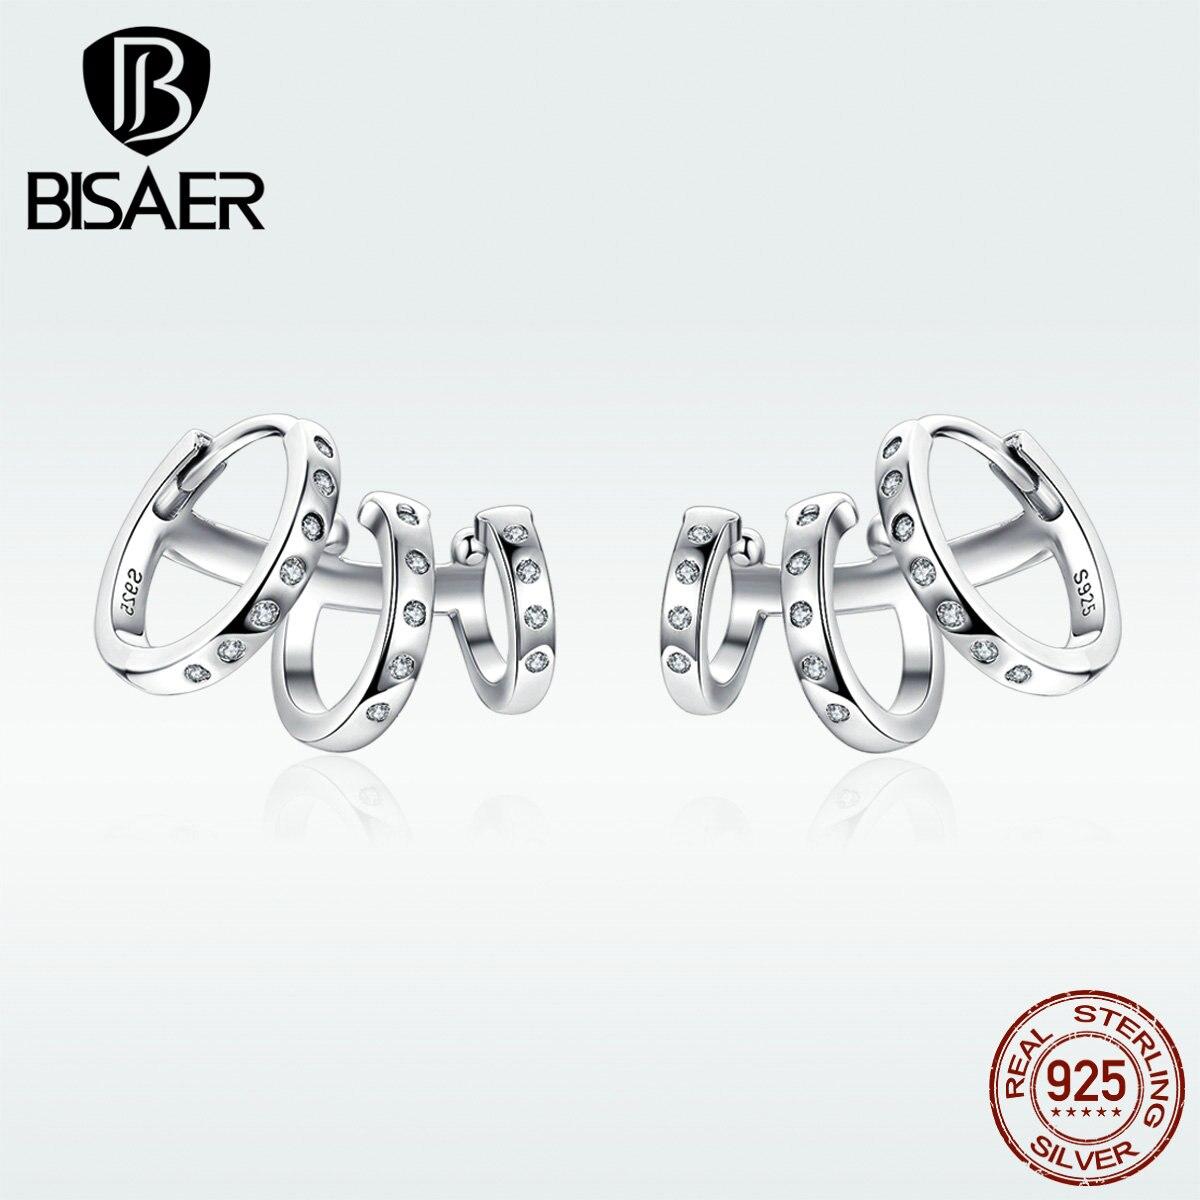 BISAER Punk Earrings 925 Sterling Silver Simple Round Circle Stud Earrings For Women  Punk Statemen't Earrings Wholesales GAE085
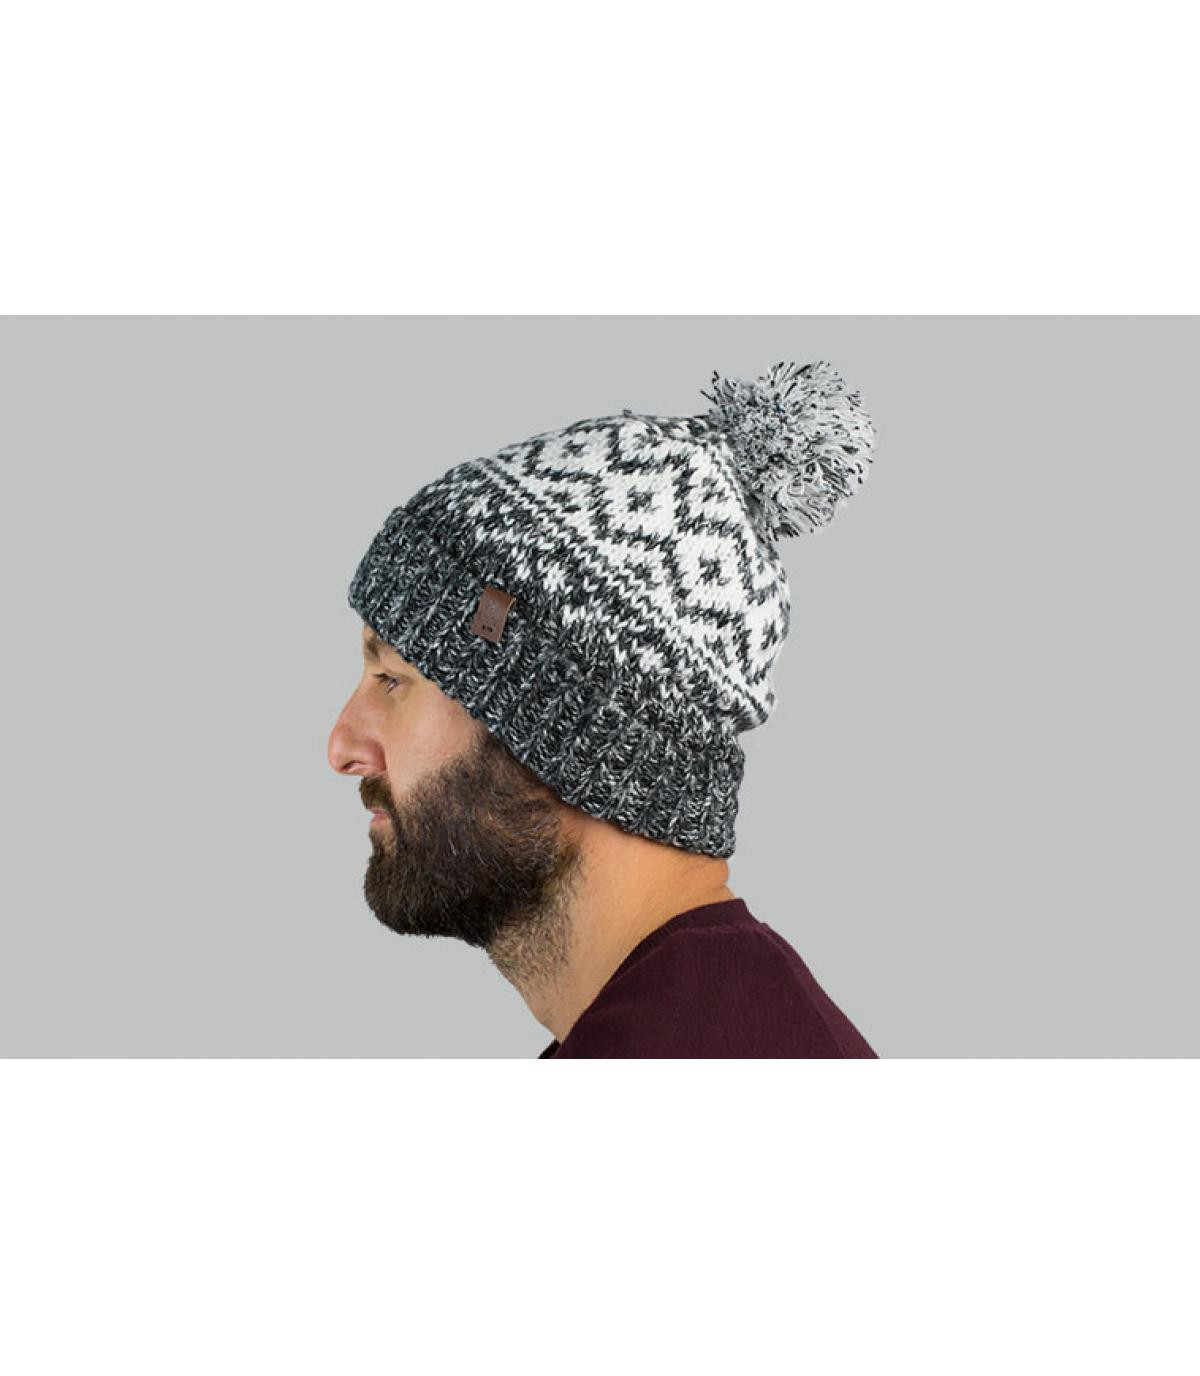 Mütze Motiv grau weiß
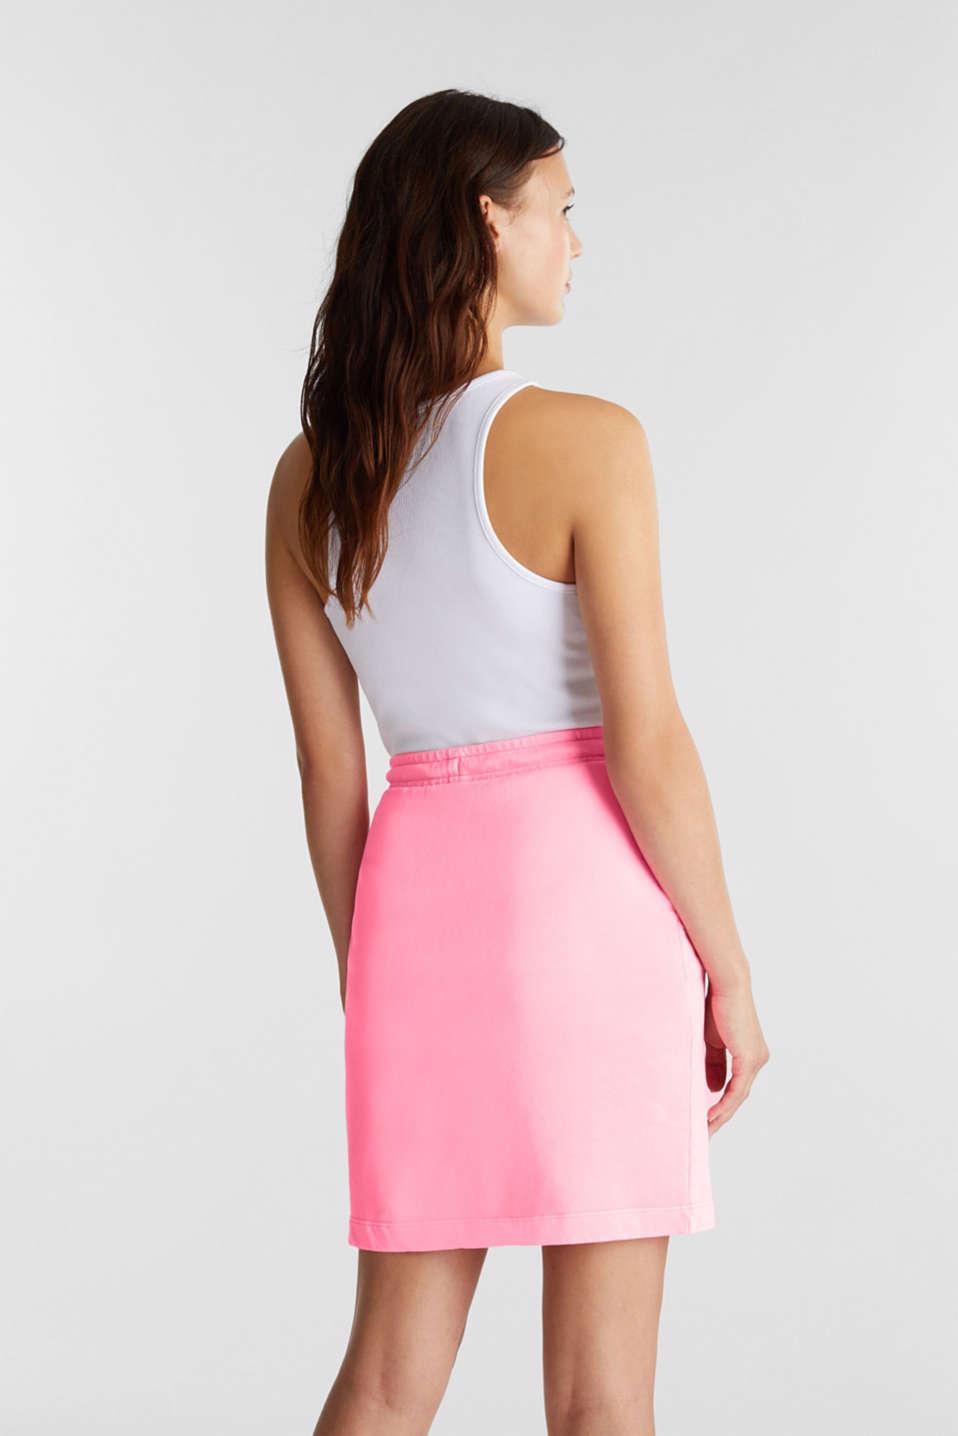 Sweatshirt fabric skirt, 100% cotton, PINK, detail image number 2

···

Copy out all of the material exactly as written, without its pictures.

 BISAER Punk Earrings 925 Sterling Silver Simple Round Circle Stud Earrings For Women  Punk Statemen't Earrings Wholesales GAE085
 Mütze Motiv grau weiß
 Sweatshirt fabric skirt, 100% cotton, PINK, detail image number 2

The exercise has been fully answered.